[[ SUPPLIED MATERIAL, beginning ]]

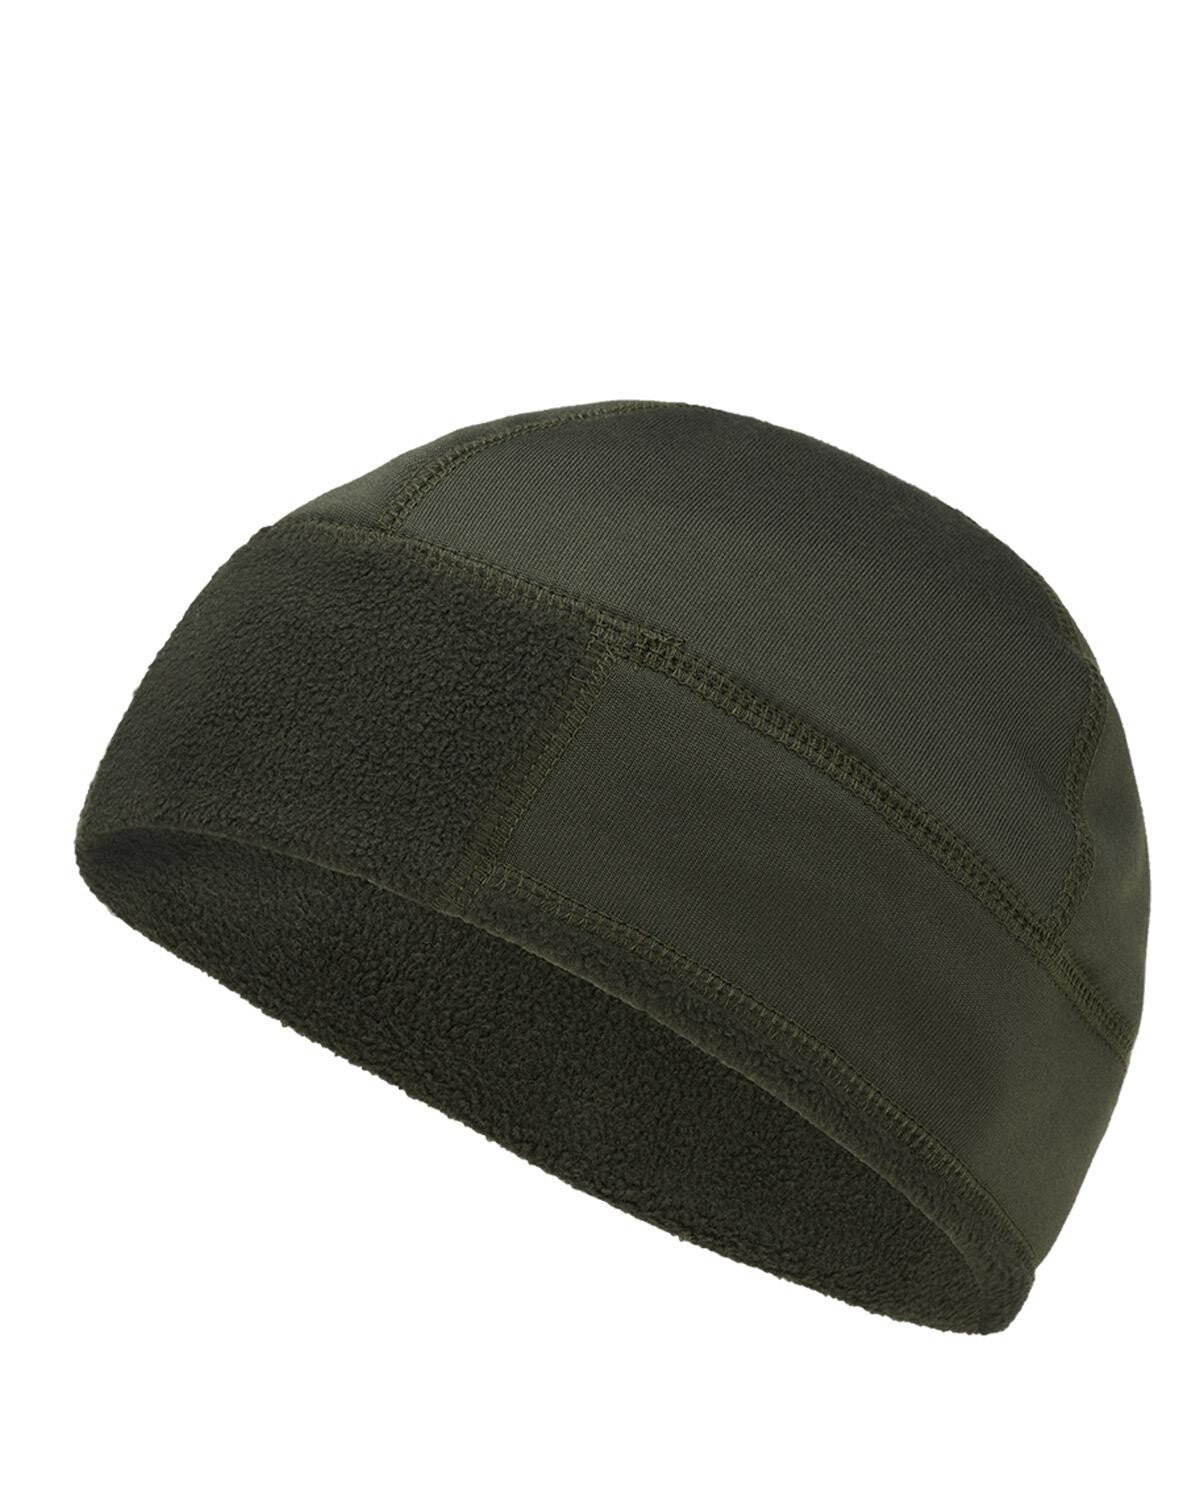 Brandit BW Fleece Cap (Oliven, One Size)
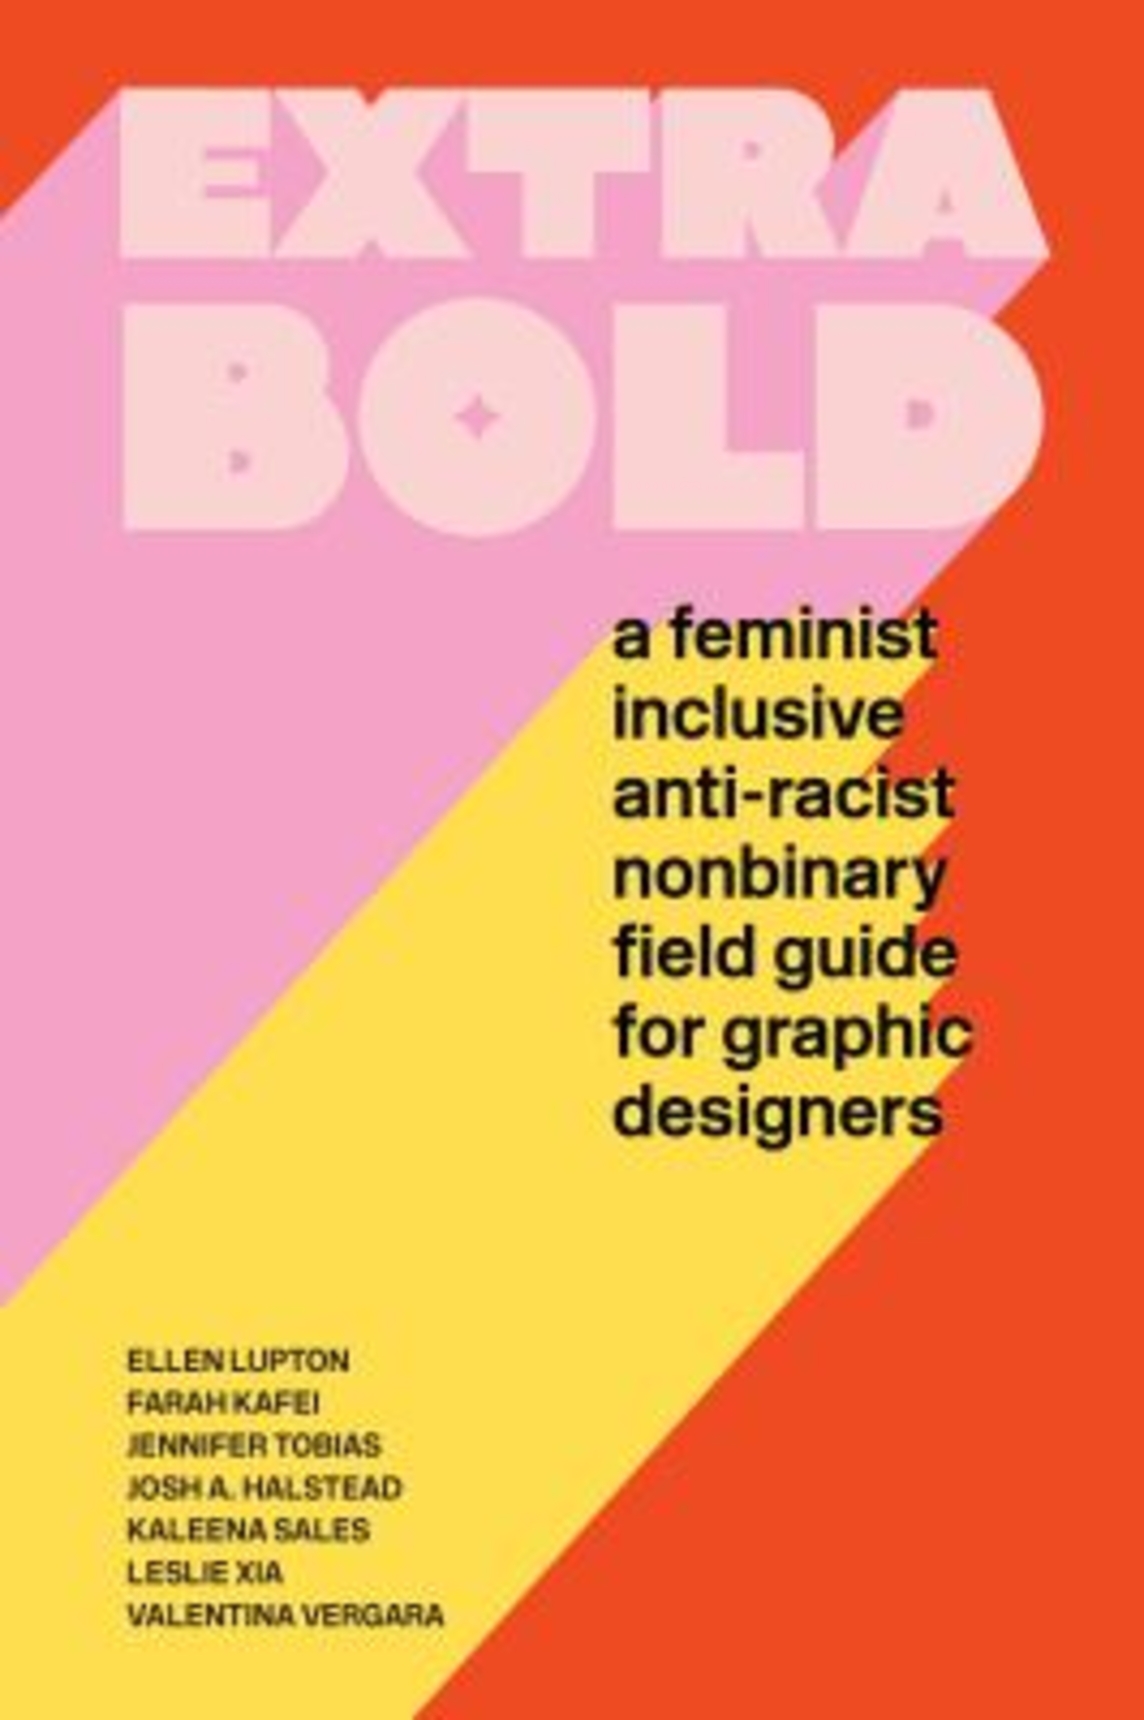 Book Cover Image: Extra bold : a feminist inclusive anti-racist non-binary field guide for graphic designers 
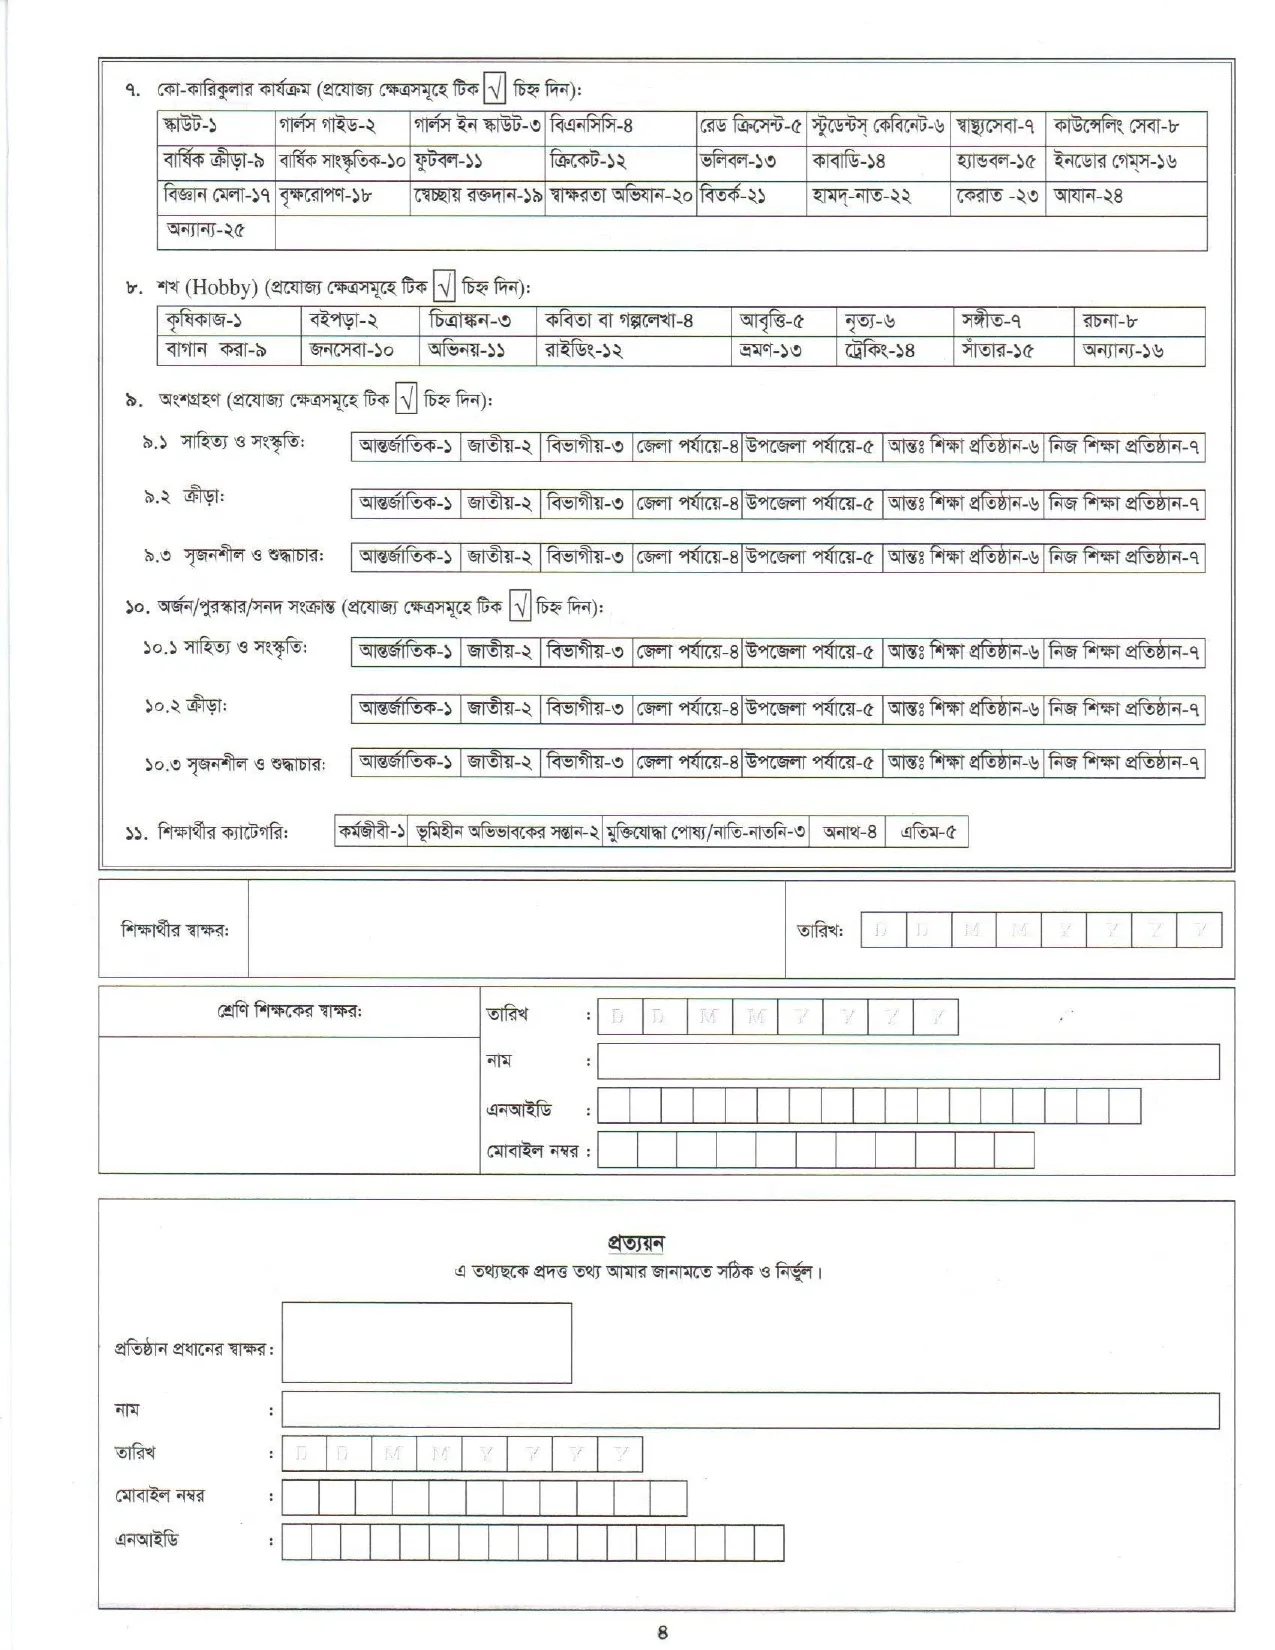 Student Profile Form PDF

[[ SUPPLIED MATERIAL, end ]]

With the pictures removed, return the full listing exactly as given.

> _OUTPUT OF THE TASK_:
 Brandit BW Fleece Cap (Oliven, One Size)
 Book Cover Image: Extra bold : a feminist inclusive anti-racist non-binary field guide for graphic designers 
 Student Profile Form PDF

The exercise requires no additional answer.